What needs to be done.
Reproduce the listing in full. Omit the pictures.

Information shown.
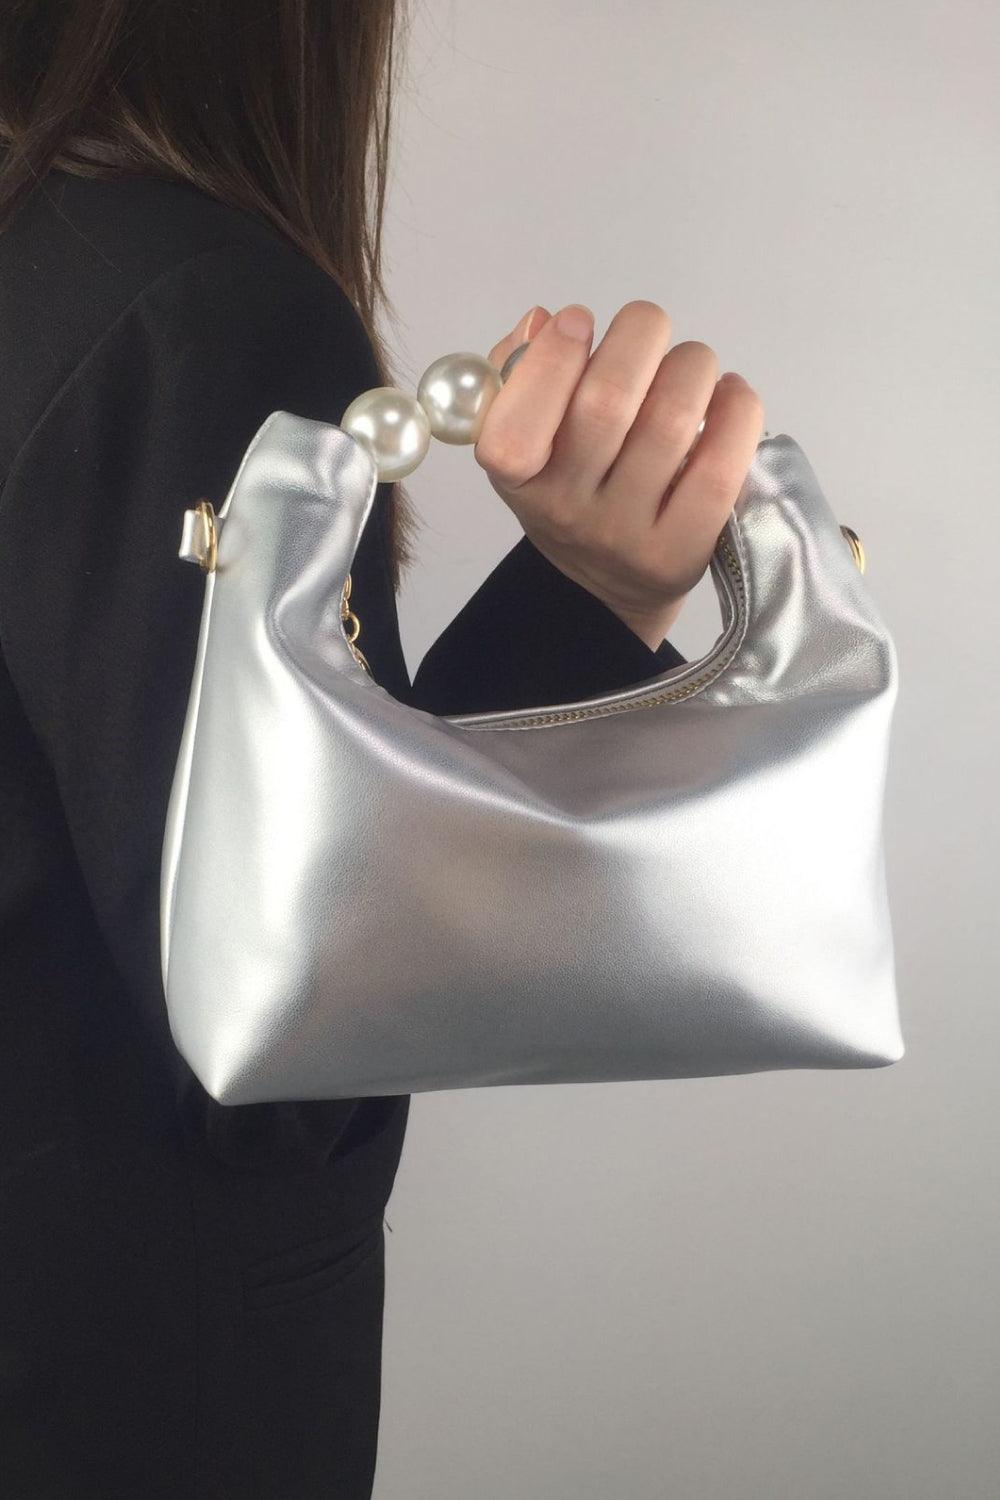 Adored PU Leather Pearl Handbag Silver One Size
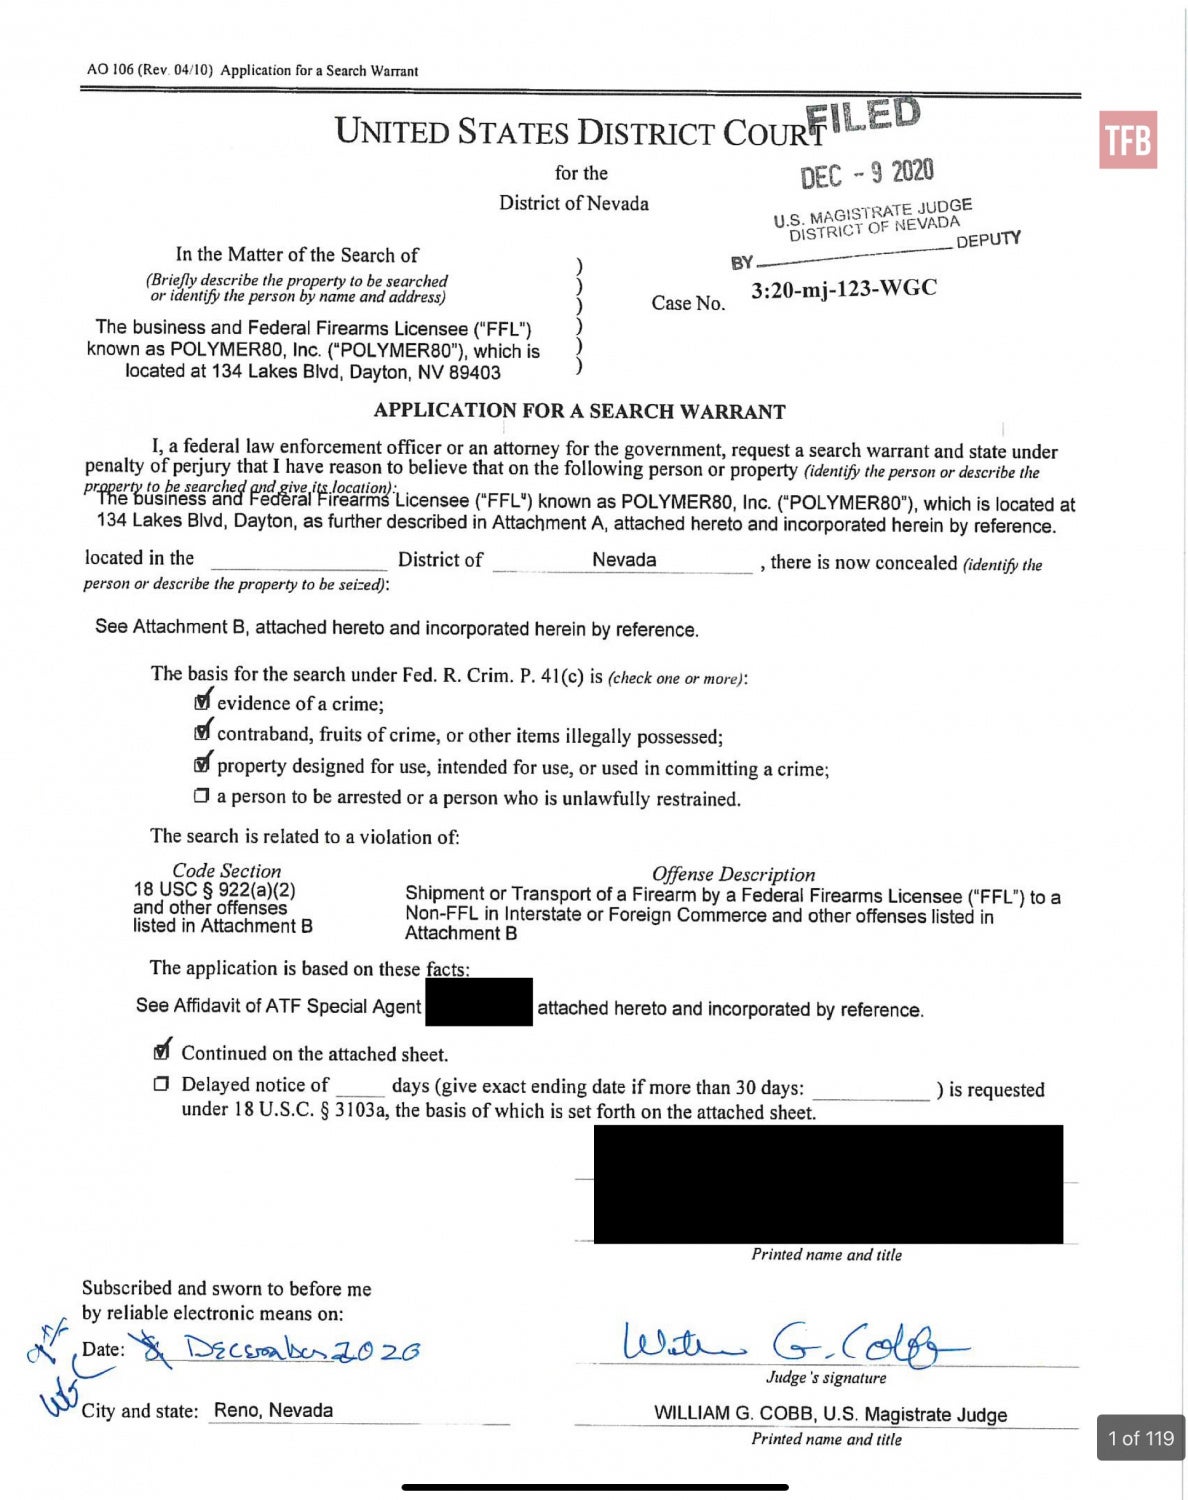 Polymer80 Warrant - Handguns, Customer Records, Prohibited Persons
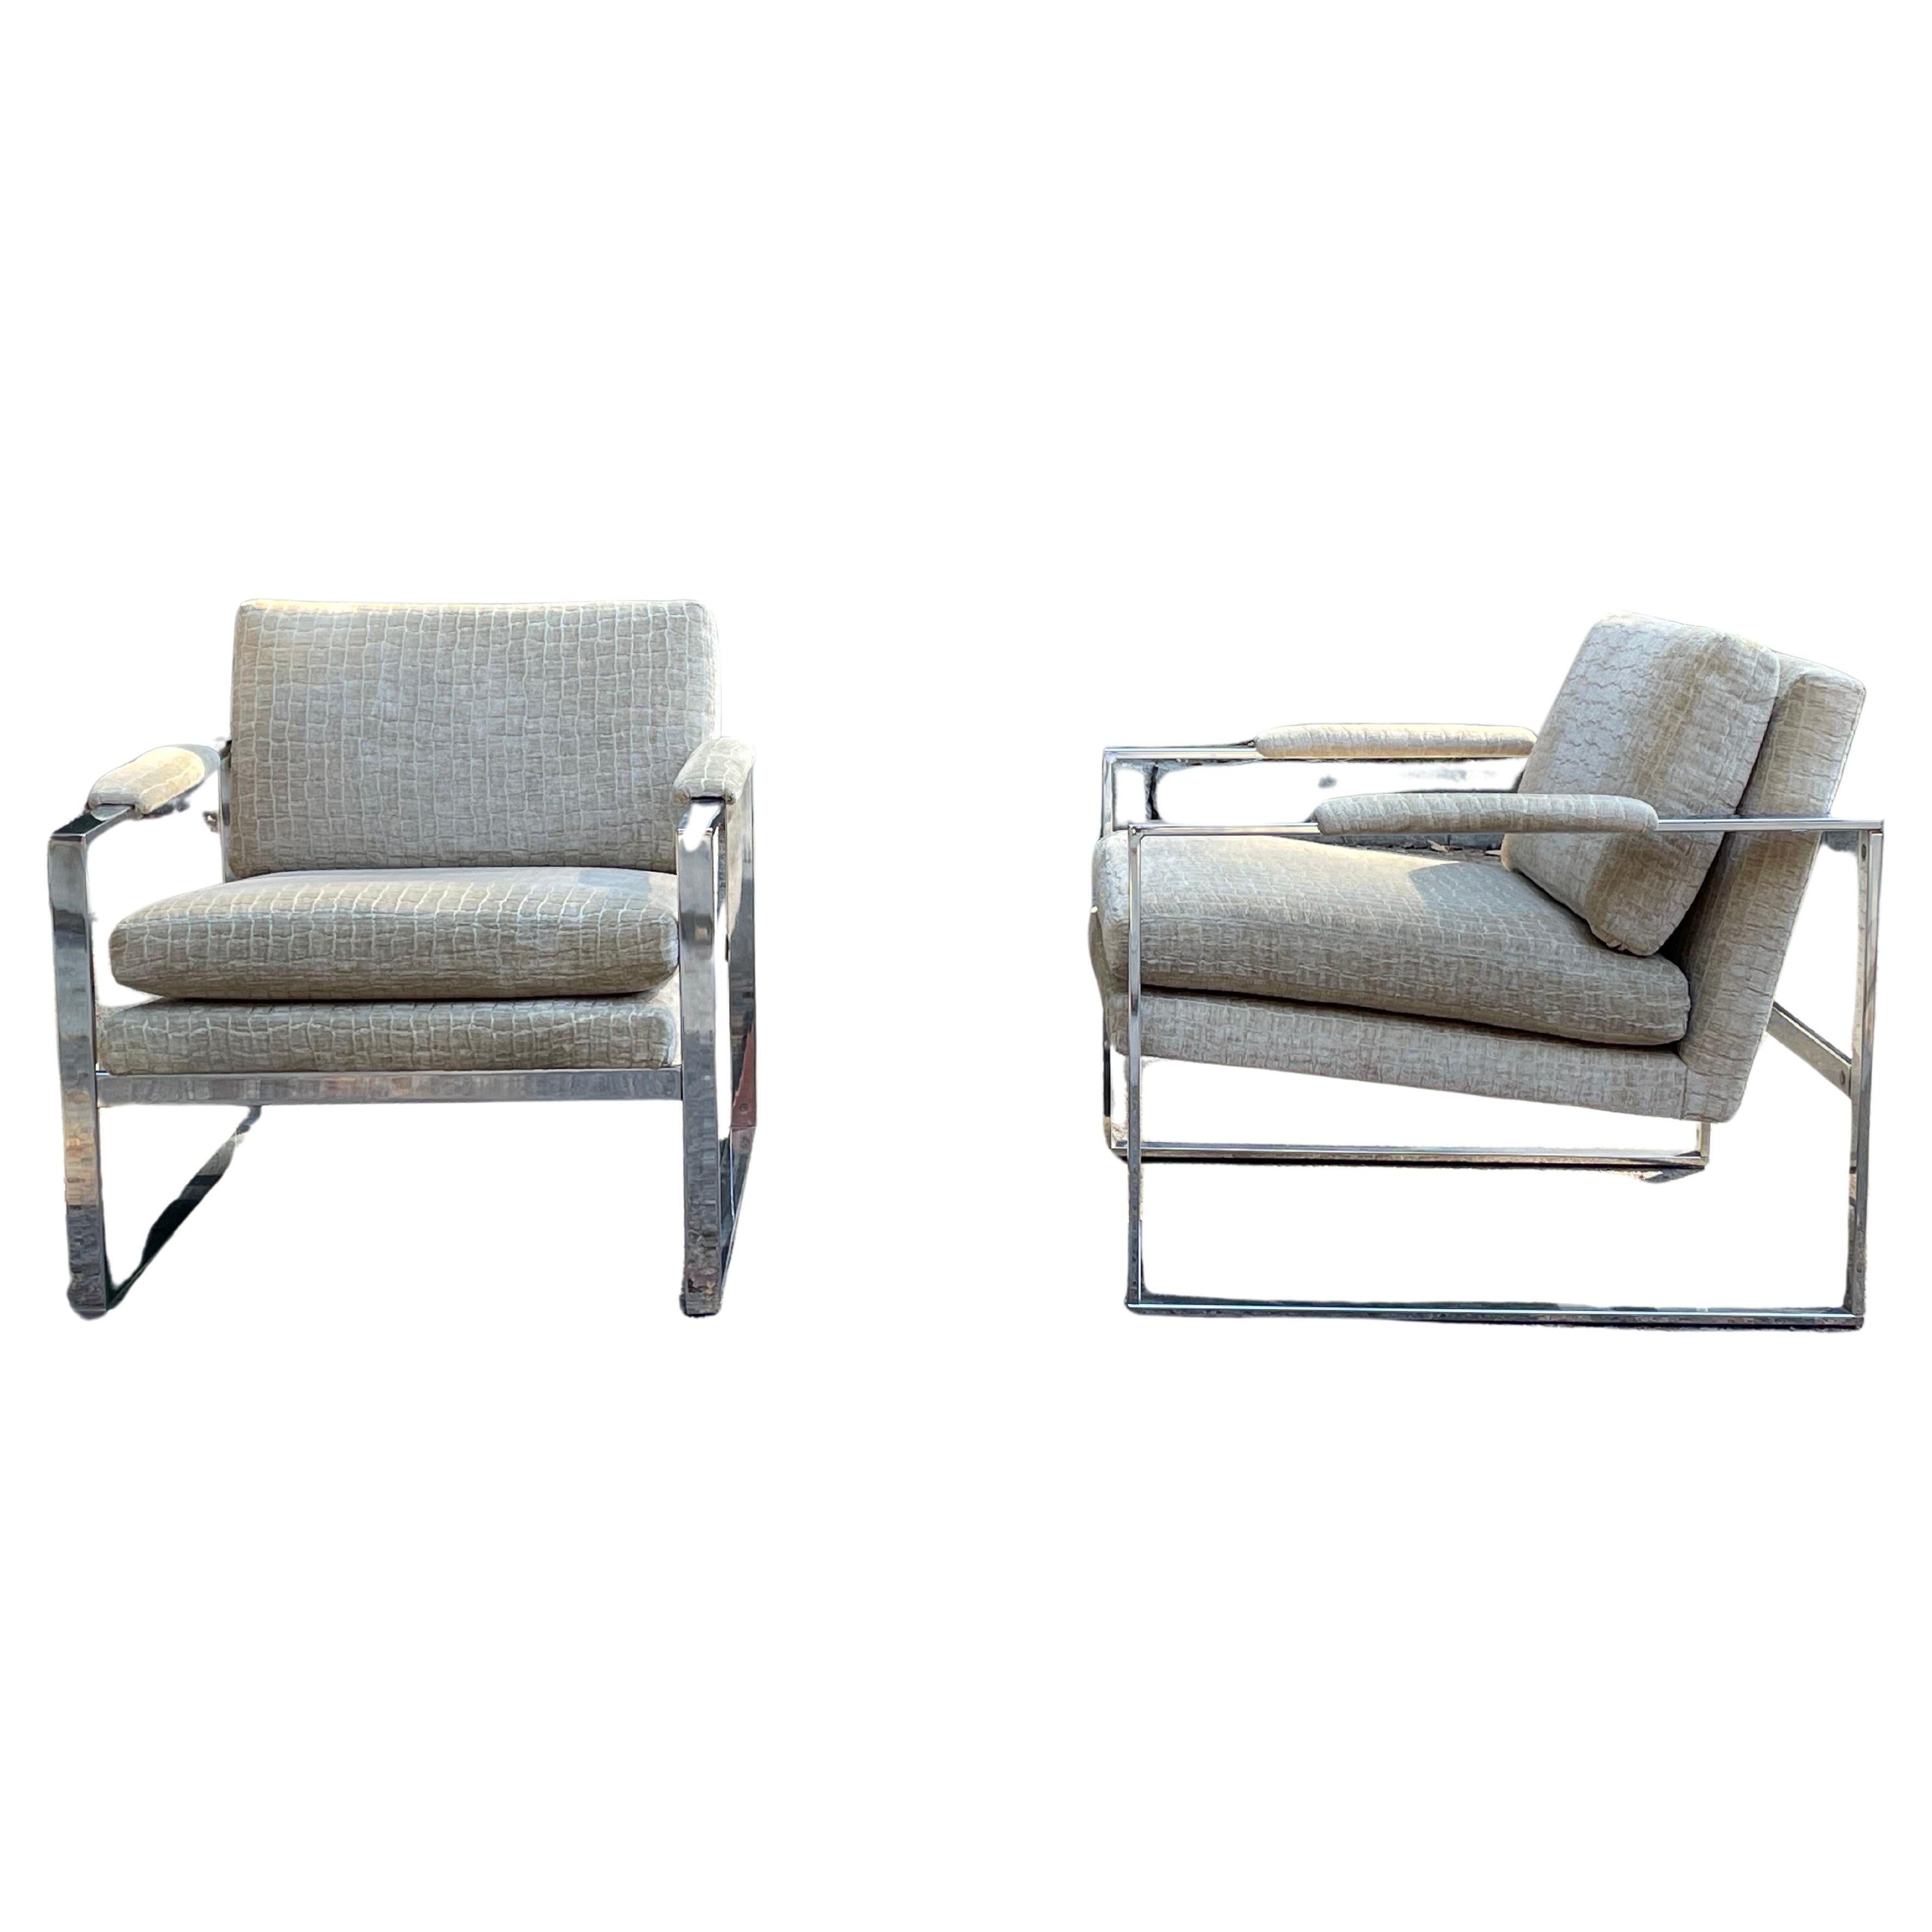 A stunning pair of vintage mid-century chrome lounge chairs attributed to Milo Baughman. High end upholstery perfectly complements the chrome.

Upholstery is in excellent condition. Chrome is also in very good condition with minor flaws as expected

Result.
 Adored PU Leather Pearl Handbag Silver One Size
 Polymer80 Warrant - Handguns, Customer Records, Prohibited Persons
 A stunning pair of vintage mid-century chrome lounge chairs attributed to Milo Baughman. High end upholstery perfectly complements the chrome.

Upholstery is in excellent condition. Chrome is also in very good condition with minor flaws as expected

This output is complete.